TRY IT - A full, exact copy of the listing is needed, with images omitted.

SOURCE MATERIAL -
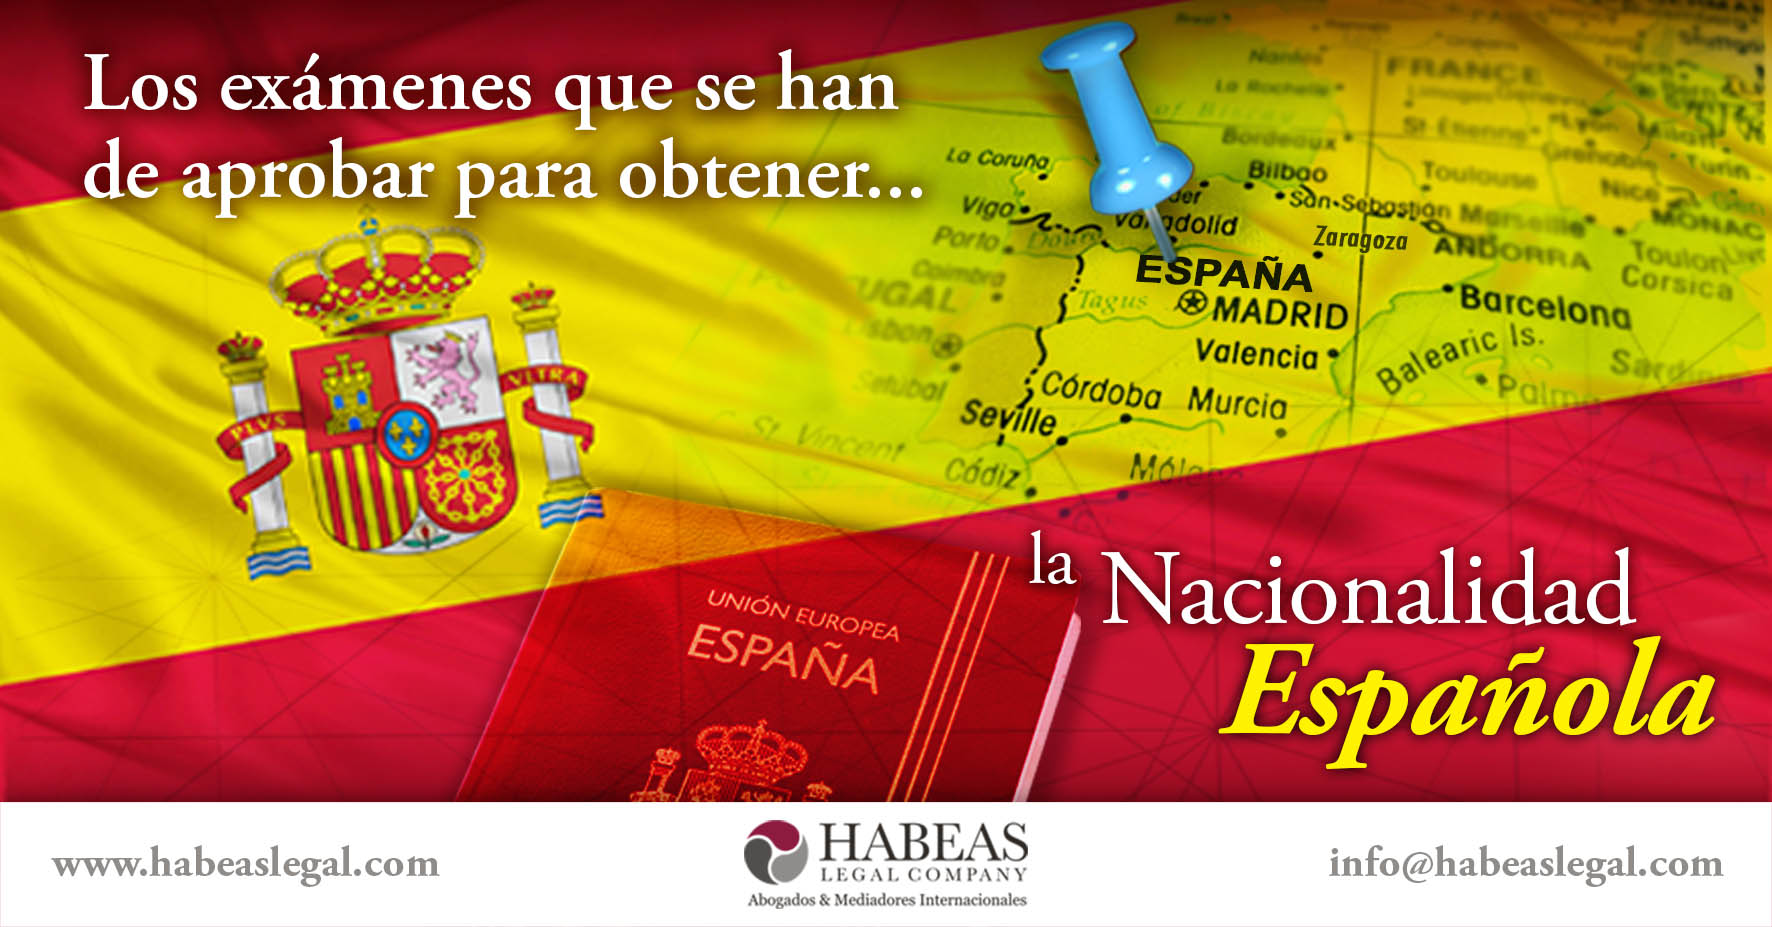 Nacionalidad española examenes Habeas Legal - Exámenes Nacionalidad Española
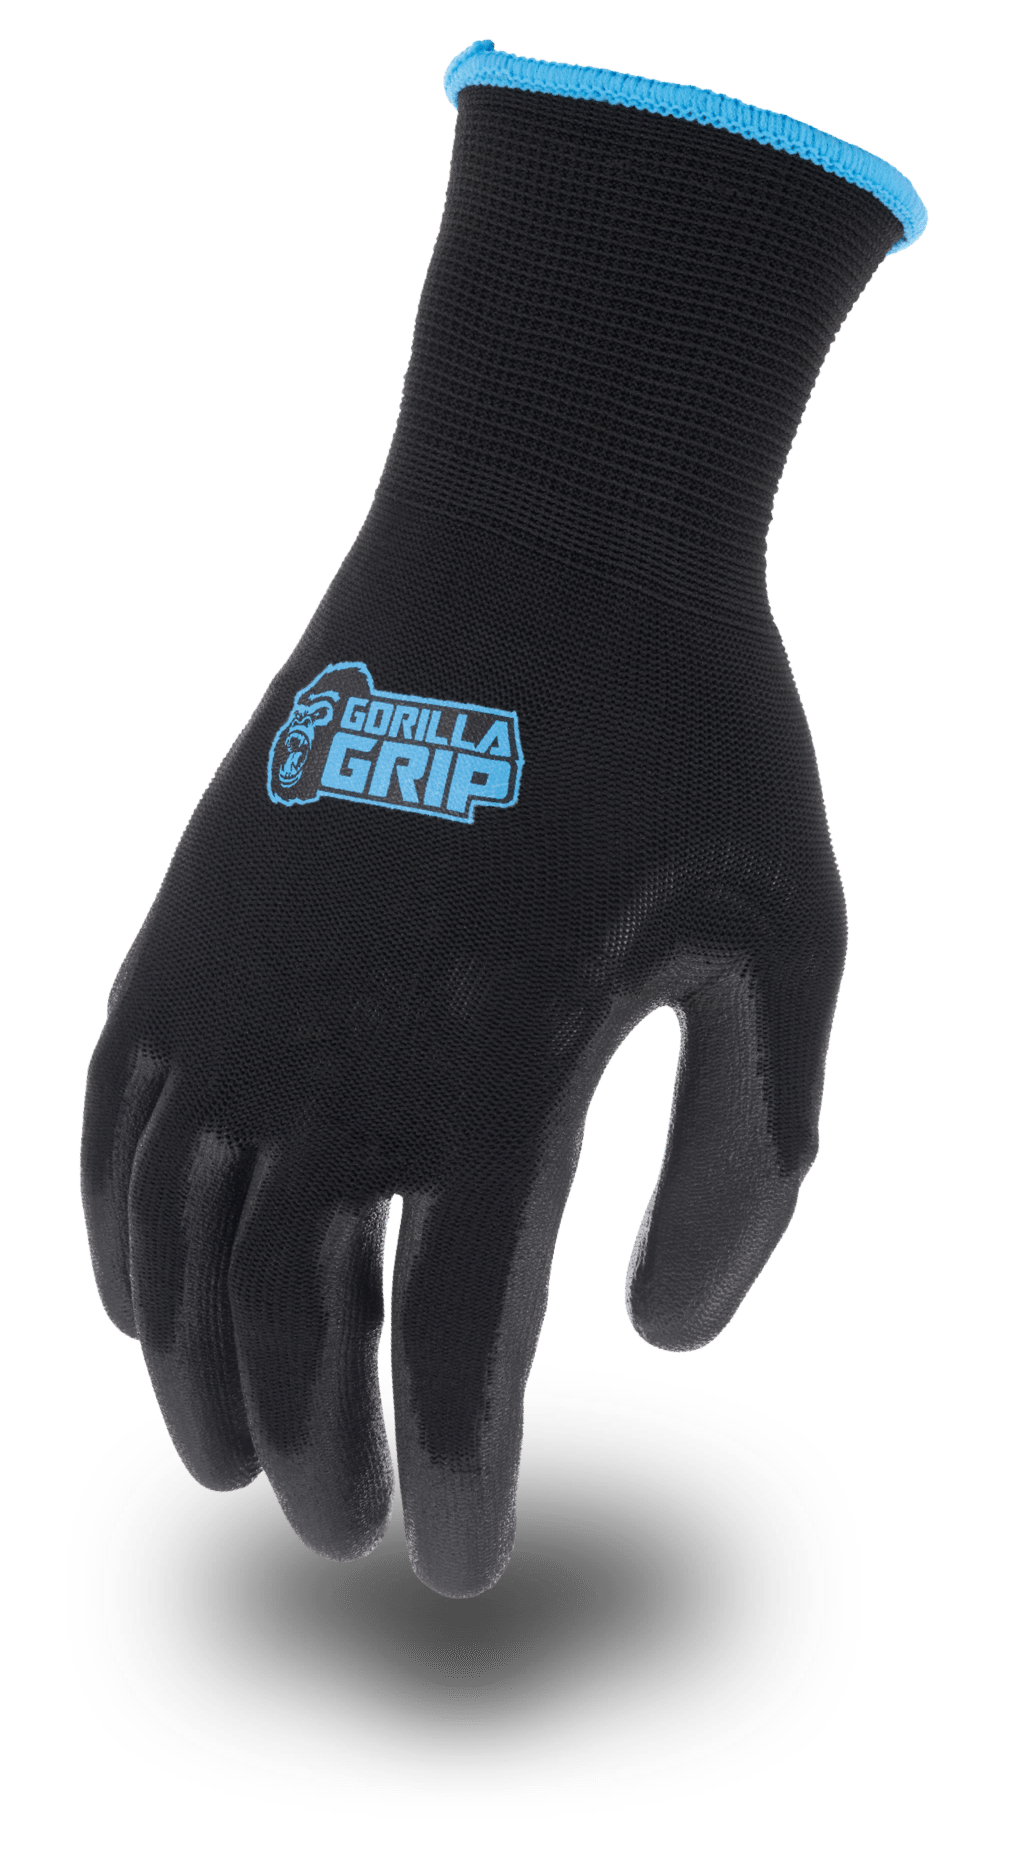 GORILLA GRIP TRAX - Gorilla Grip
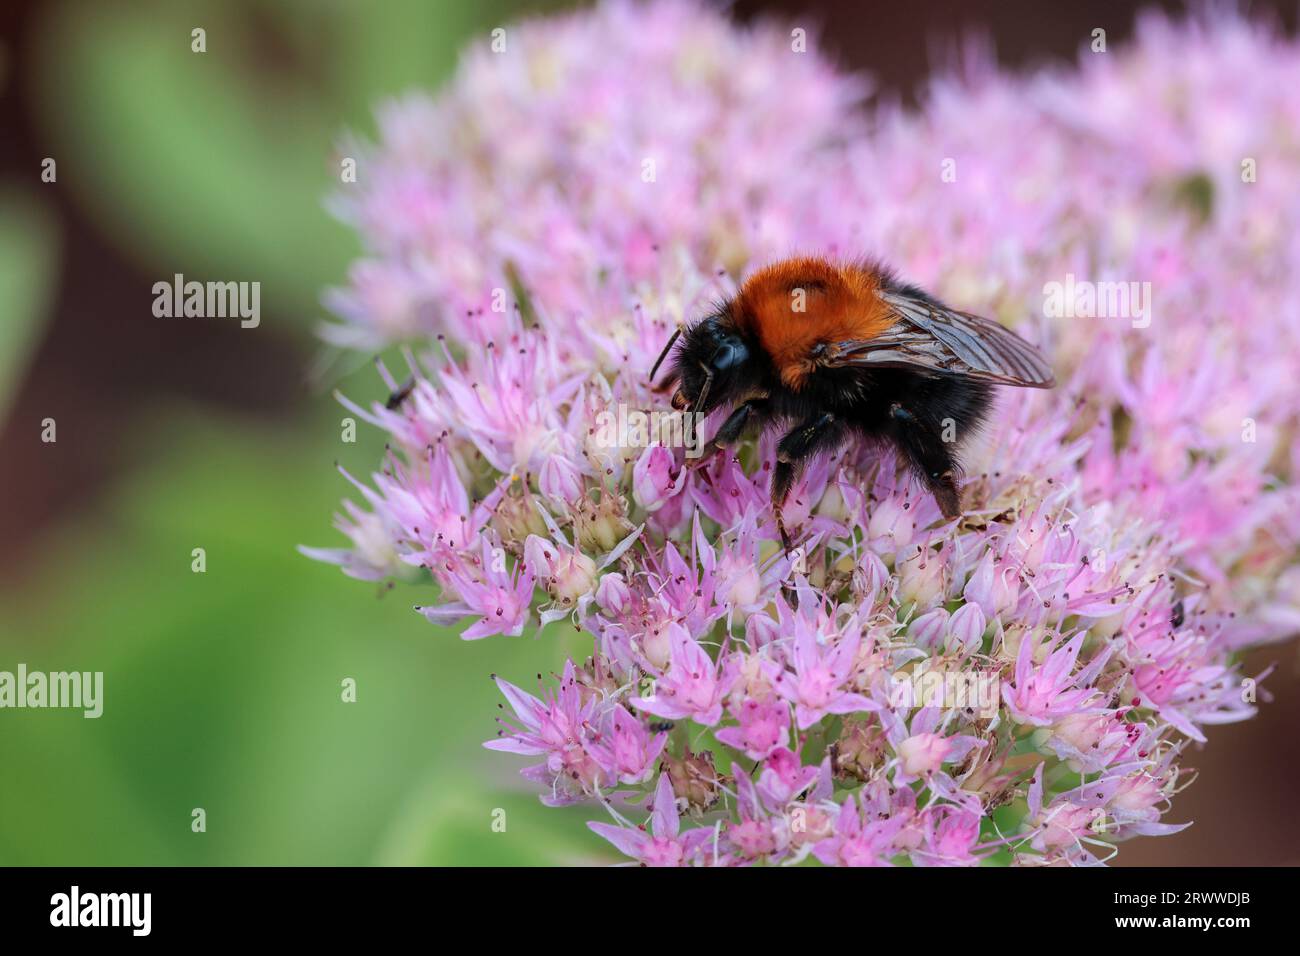 Bumble abeille noire avec des poils de gingembre sur le thorax se nourrissant sur la tête de fleur multifleurie de couleur lilas. Fond vert et noir doux sur l'espace de copie gauche Banque D'Images
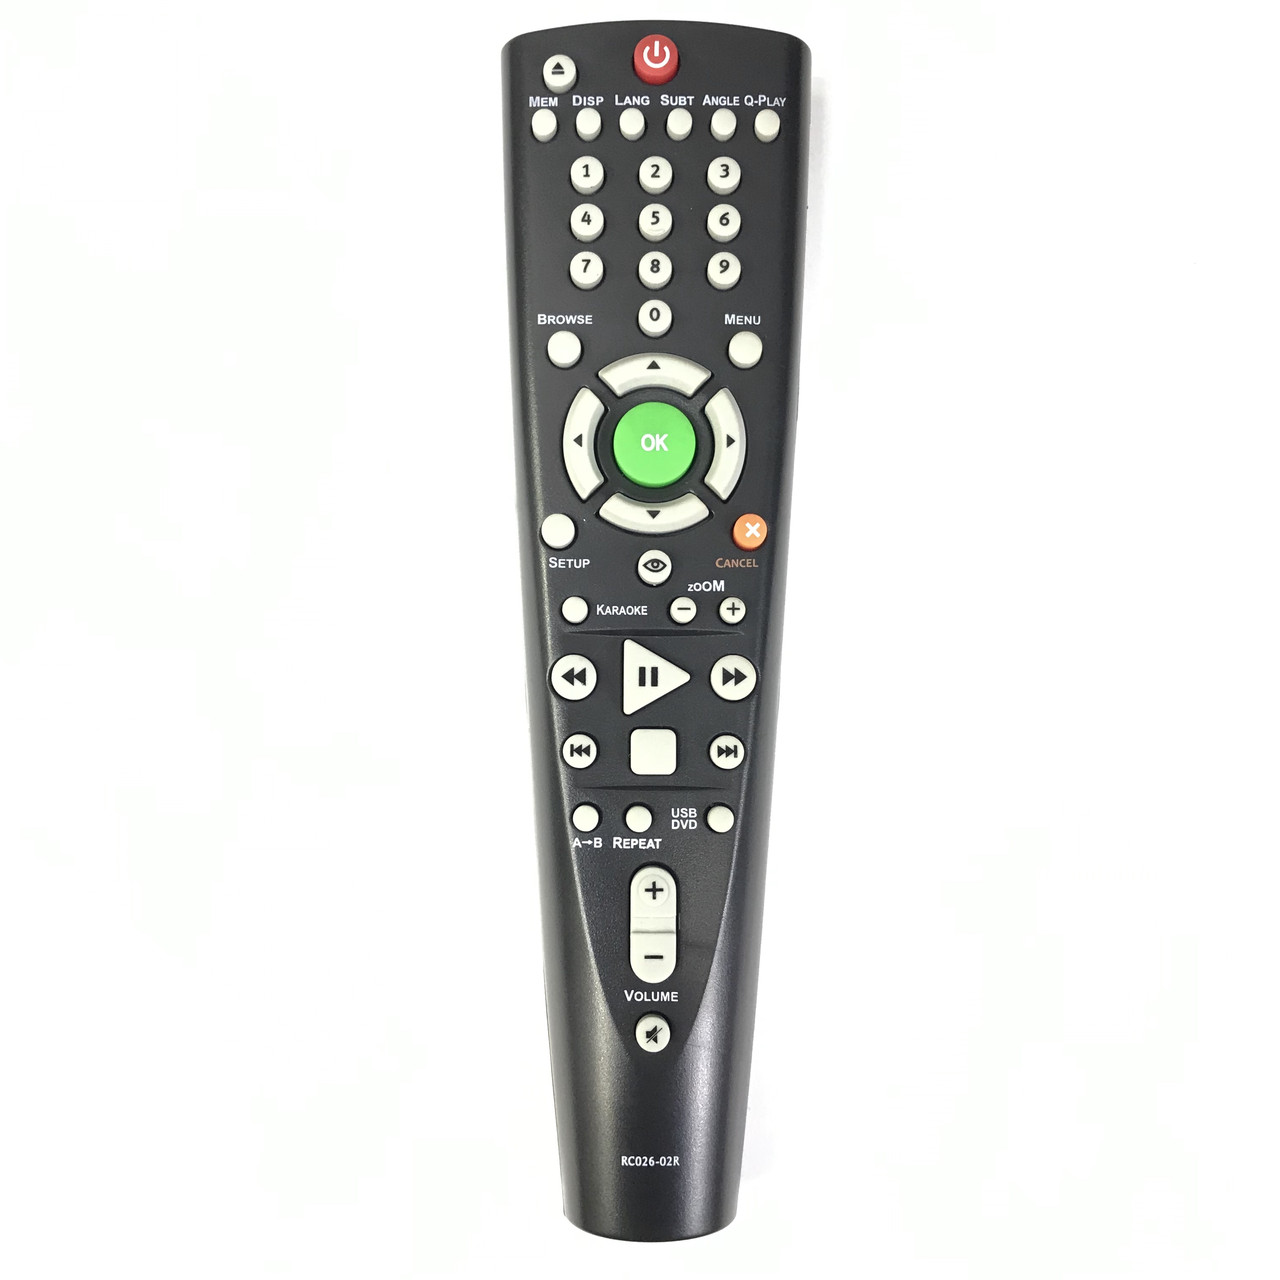 Пульт дистанционного управления BBK RC026-02R с USB [DVD], фото 1

THE ANSWER -
 Nacionalidad española examenes Habeas Legal - Exámenes Nacionalidad Española
 GORILLA GRIP TRAX - Gorilla Grip
 Bumble abeille noire avec des poils de gingembre sur le thorax se nourrissant sur la tête de fleur multifleurie de couleur lilas. Fond vert et noir doux sur l'espace de copie gauche Banque D'Images
 Пульт дистанционного управления BBK RC026-02R с USB [DVD], фото 1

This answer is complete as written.